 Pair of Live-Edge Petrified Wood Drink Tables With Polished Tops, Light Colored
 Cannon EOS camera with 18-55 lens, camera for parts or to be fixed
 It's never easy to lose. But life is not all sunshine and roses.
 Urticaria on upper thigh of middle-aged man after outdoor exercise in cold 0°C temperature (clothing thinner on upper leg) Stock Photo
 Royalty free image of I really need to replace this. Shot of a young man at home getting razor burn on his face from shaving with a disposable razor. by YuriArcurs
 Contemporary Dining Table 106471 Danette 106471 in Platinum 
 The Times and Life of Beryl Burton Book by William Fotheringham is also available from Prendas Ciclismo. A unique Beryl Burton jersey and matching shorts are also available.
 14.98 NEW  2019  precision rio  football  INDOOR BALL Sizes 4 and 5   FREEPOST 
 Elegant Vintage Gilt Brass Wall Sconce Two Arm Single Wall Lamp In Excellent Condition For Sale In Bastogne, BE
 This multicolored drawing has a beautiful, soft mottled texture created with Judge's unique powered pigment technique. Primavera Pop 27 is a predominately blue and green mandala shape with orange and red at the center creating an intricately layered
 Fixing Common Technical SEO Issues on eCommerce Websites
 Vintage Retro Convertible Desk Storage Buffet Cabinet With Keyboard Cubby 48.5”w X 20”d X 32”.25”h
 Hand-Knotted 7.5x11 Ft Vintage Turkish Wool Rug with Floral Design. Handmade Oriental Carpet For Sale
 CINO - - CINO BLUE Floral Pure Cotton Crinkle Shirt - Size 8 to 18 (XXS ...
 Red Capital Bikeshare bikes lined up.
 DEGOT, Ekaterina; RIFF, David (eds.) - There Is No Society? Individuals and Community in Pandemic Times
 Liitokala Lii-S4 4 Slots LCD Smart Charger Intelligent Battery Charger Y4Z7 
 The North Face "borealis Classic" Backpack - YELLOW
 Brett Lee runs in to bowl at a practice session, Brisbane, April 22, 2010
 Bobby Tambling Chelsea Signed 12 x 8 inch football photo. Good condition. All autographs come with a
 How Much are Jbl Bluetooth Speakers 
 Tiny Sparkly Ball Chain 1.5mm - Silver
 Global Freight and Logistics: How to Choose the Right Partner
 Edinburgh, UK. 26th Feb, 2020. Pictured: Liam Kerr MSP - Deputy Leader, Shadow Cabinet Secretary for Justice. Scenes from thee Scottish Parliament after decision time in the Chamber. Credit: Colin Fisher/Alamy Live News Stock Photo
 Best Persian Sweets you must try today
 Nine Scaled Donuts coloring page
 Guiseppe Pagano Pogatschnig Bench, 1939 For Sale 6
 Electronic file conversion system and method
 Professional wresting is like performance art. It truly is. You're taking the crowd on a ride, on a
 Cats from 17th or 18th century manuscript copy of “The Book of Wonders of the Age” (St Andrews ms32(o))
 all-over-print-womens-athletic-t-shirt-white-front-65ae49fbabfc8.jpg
==============================
:: What is required ::
Each line that holds the string "Sale" is to be copied from the entries above.

:: Output of the task ::
 Elegant Vintage Gilt Brass Wall Sconce Two Arm Single Wall Lamp In Excellent Condition For Sale In Bastogne, BE
 Hand-Knotted 7.5x11 Ft Vintage Turkish Wool Rug with Floral Design. Handmade Oriental Carpet For Sale
 Guiseppe Pagano Pogatschnig Bench, 1939 For Sale 6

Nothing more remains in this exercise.